§ **Data excerpts**:
• • •

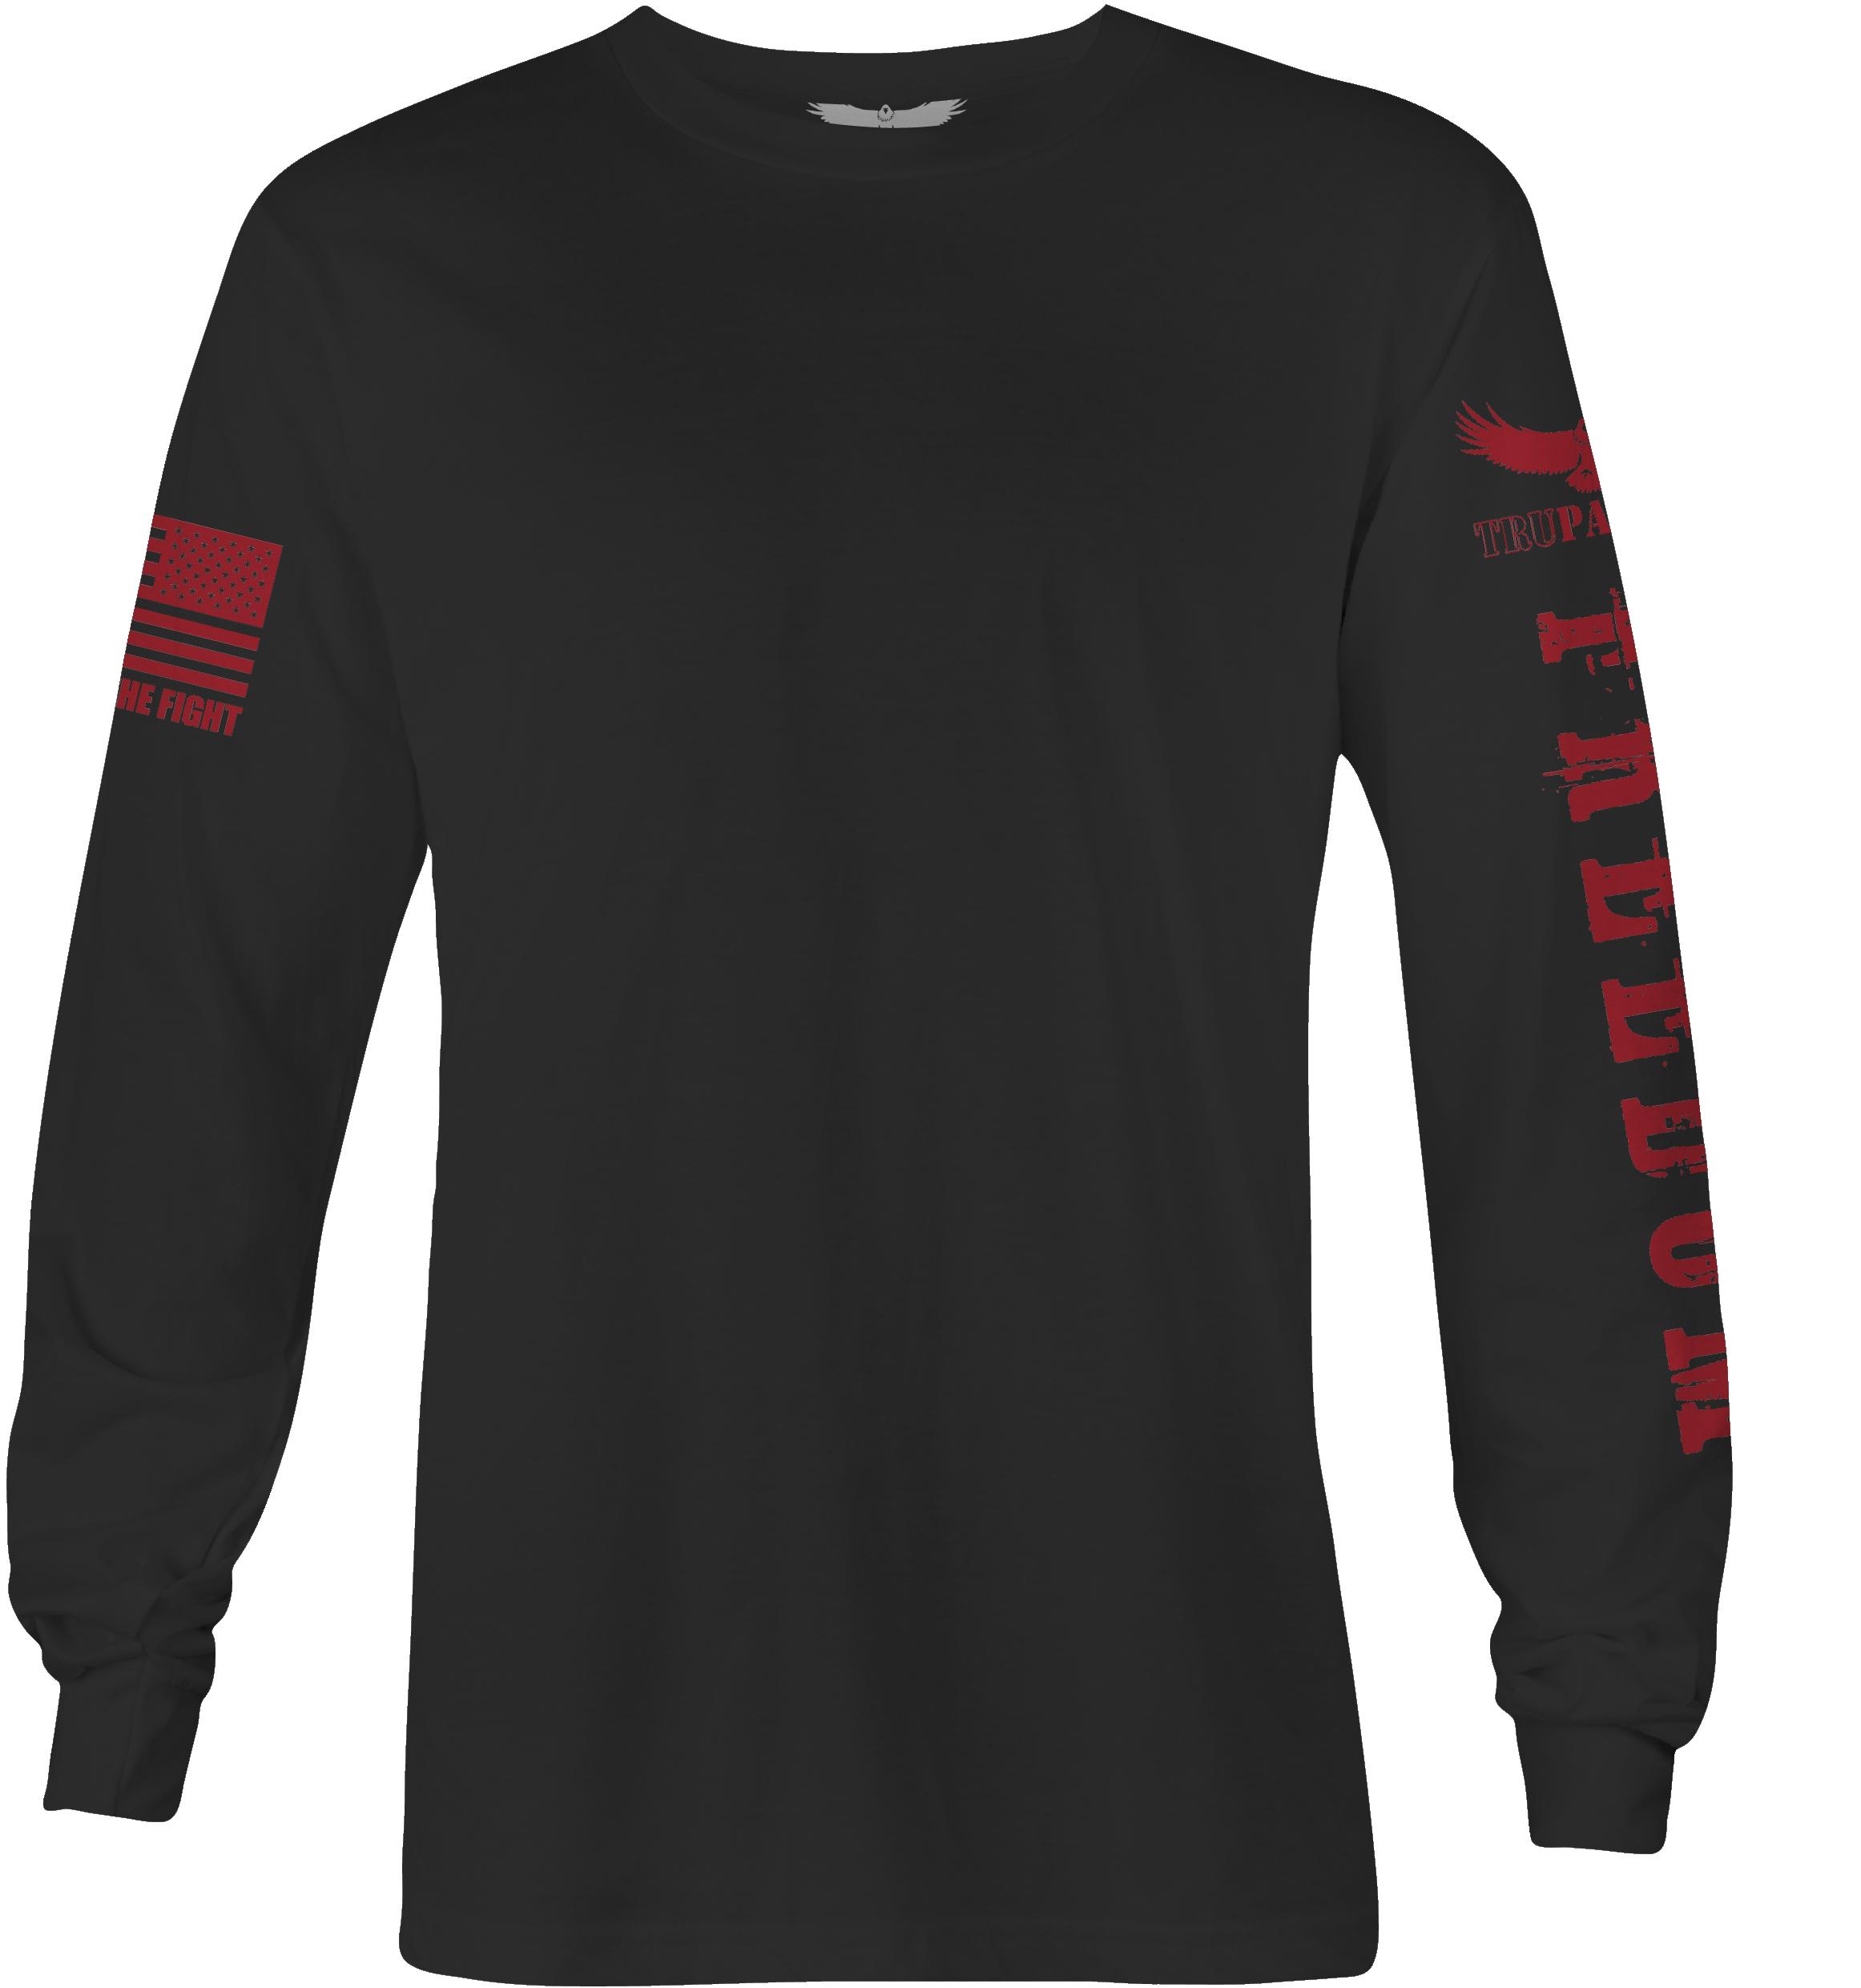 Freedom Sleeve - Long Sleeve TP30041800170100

• • •

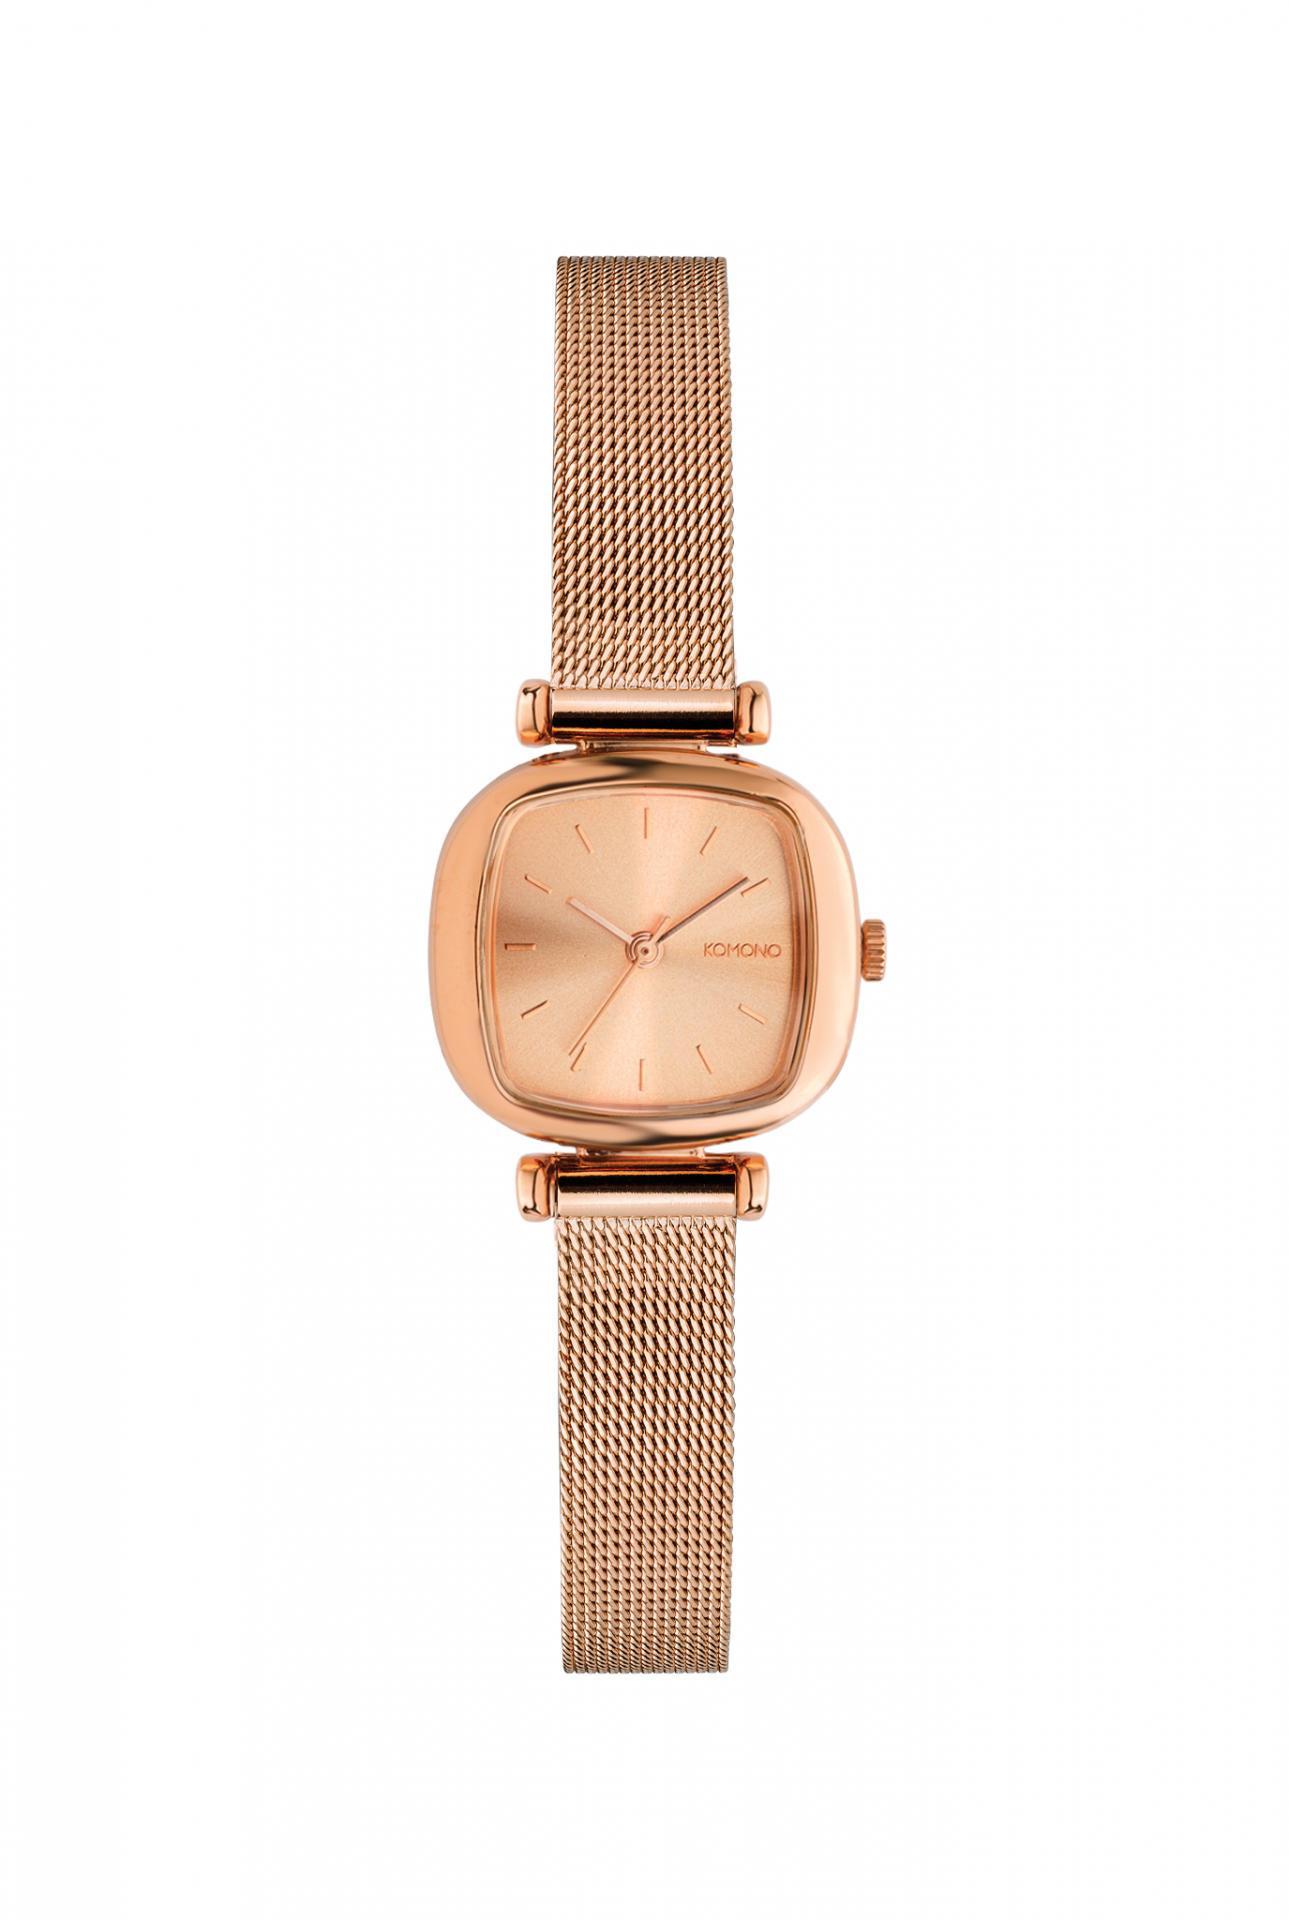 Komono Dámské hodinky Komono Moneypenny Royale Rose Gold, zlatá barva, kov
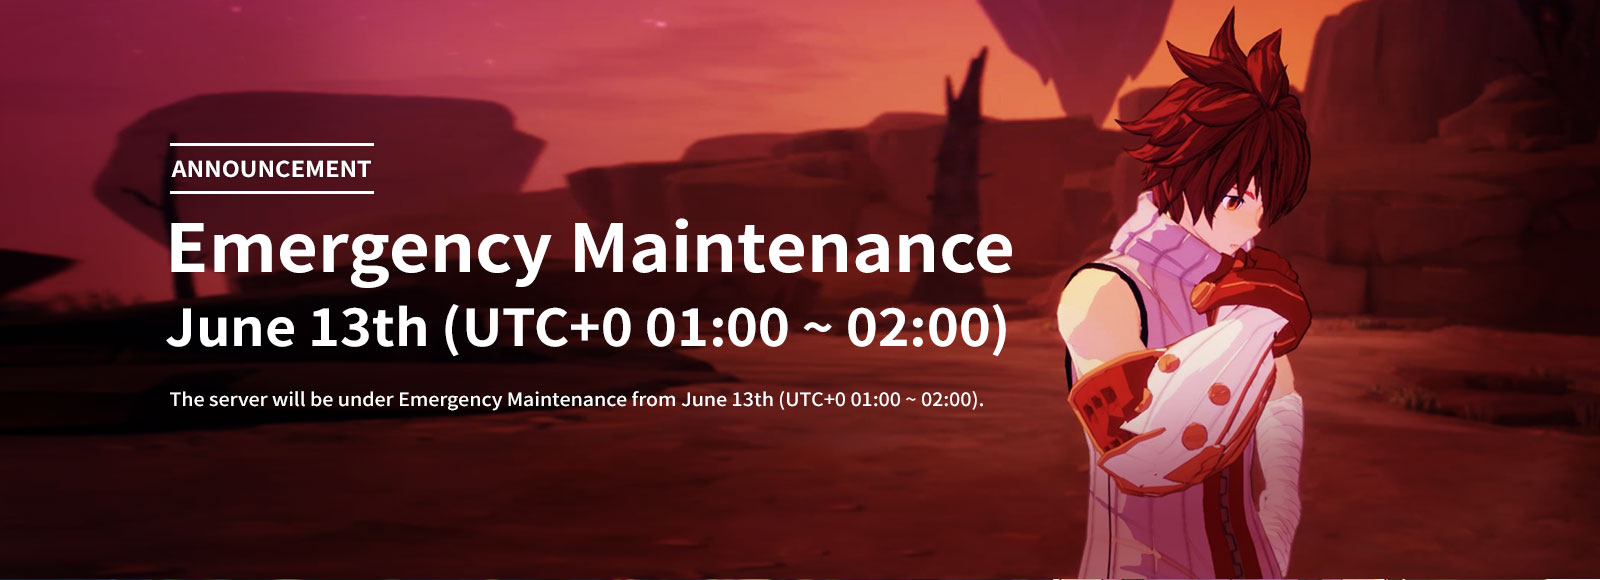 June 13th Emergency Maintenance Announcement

• • •

§ **What is needed**: Among the entries above, copy exactly the stretch from the line holding "Komono Dámské hodinky" through the line holding "June 13th Emergency Maintenance Announcement", leaving out any pictures.

§ **Result for this exercise**:
 Komono Dámské hodinky Komono Moneypenny Royale Rose Gold, zlatá barva, kov
 June 13th Emergency Maintenance Announcement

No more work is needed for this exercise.